I bet they’d give you a new phone, too. Which I would promptly steal from you.

Gahgahgah

AND FINALLY…

I present The Bold & the Bloglicious Election Spectacular, which makes about as much sense as Ralph Nader.

Part 37: Vote or Die(t)!

Comments

Oliquig

I had to laugh at 'Judith's' "I'm voting for whoever plans to cancel Tony Danza's talk show." Hee.

Stu

The trick to voting without waiting in line is to request an absentee ballot even though you will be in town, that way you can send it in weeks ahead of time. and not have to worry about it.

Heather

Your hair is so very, very pretty. Also? Love your shiny shirt. Oh yeah, vote, everyone! Cause you know, P. Diddy and all.

meghan

Man, I really wish I lived in D.C., because I currently AM an editorial assistant but am looking for a new job because my current one pays peanuts. Y'all don't have a Boston office that needs an EA, do you? :)

type a

ooooh . . . the first leash-free park trip? is terrifying! and also? really scary. your hair handled it well.

Shiz

The bizzitch in me did vote absentee, and I did not have to wait in line, except to mail it. But man, my ballot had like, chads. Whoa. I did not leave any of them hanging.

I voted through my last state of residence, Missouri. Does Missouri, like, count at all?

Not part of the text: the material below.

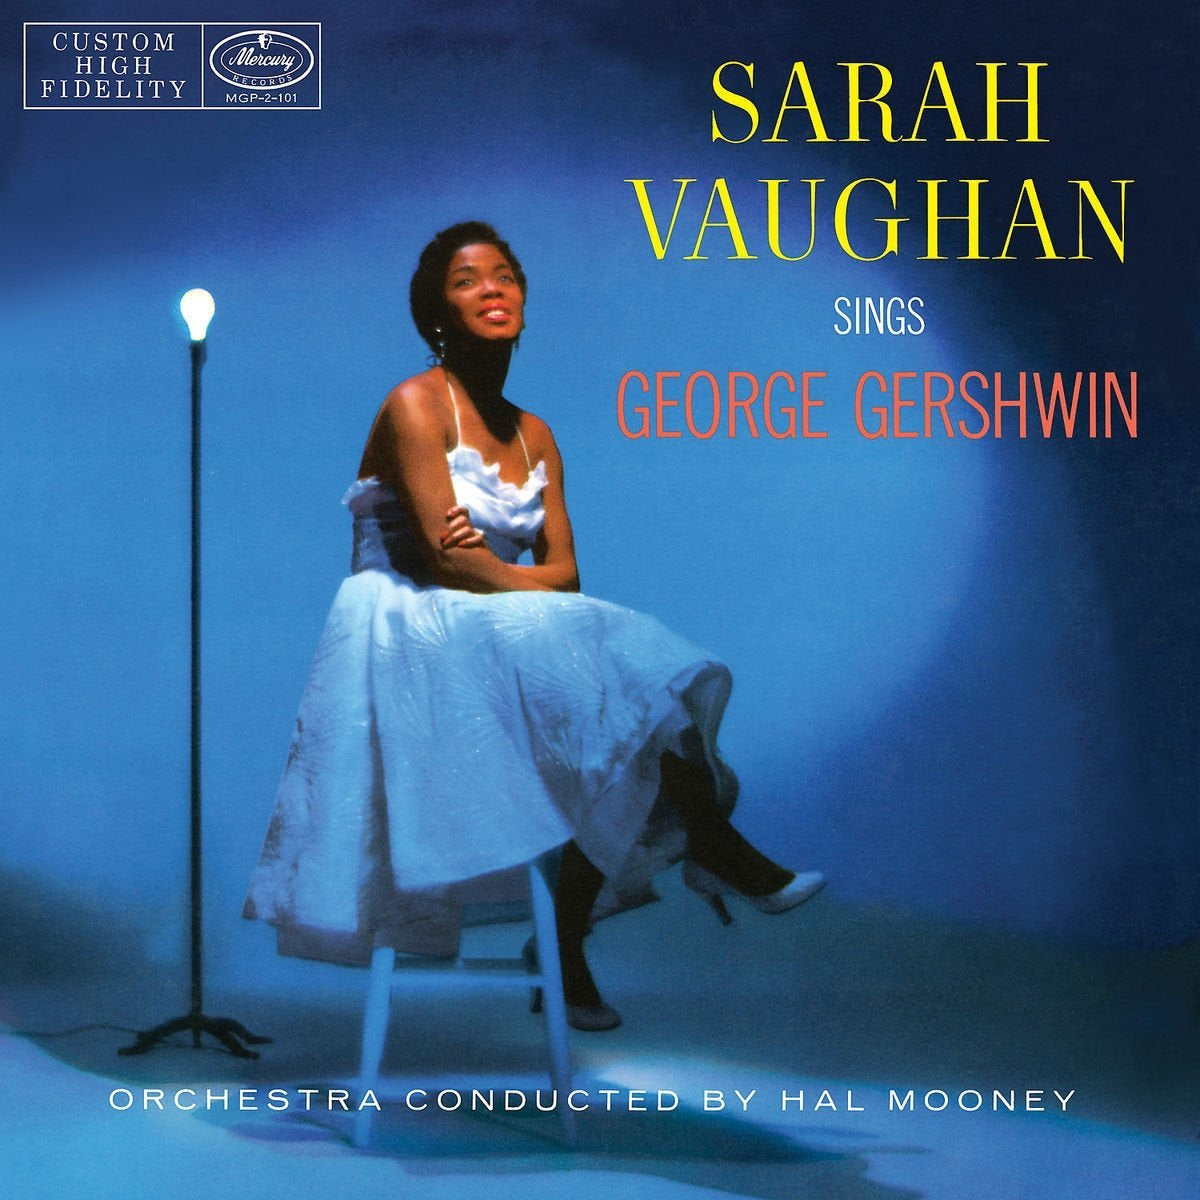 Sarah Vaughan With Hal Mooney And His Orchestra – Sarah Vaughan Sings George Gershwin (1957) New 2 LP Record 2018 Mercury Mono Vinyl - Jazz Vocal

Loved the no-sense movie. LOVE IT.

I prayed last night that whatever happens today, America would be less scary because of it. Because America is Scary.

Lauren

I'm digging your shirt, too. And how much do I love that they added Bush and Kerry to the D-films? A lot.

kalisah

I liked your movie. And at first I thought you took those photos of your dog from really really far away. Then I realized it's a really really small dog.

Fraulein N

I need to live in DC, because that job sounds PERFECT for me. Plus? It is not this job. On a up note, that's a cute top you're rocking in the haircut photos.

snowy

oooh pretty hair! : )
what kind of dog is ceiba?

leah

Love your blog. Love your hair. Love your dog.

What a coincidence. I also got a new office phone today. It is just as crappy as my old one but it was still dripping with disinfenctant when it was placed on my desk.

I like to keep a bottle of disinfectant handy for when I have to touch other people things like their disgusting keyboards!

kathy

Hello queen of everything: Since you mentioned Ceiba today, I thought you might want to know that at the DC Marketing Center luncheon that was held this very day in our nation's capital, the restaurant 'Ceiba' was named Best New Restaurant in DC.

Perhaps this warrants an Election Day/Best New Doggie in DC celebration at your home tonite!!!

Mary

Your film? Is awesome. It totally brightened my day.

myllissa

Like I said, when I get out of my contract in 2007ish, I will be your executive assistant extraordinare! I'm good! I promise!

Plus, you have very pretty hair. It looks bloneer too, no? Very sexy.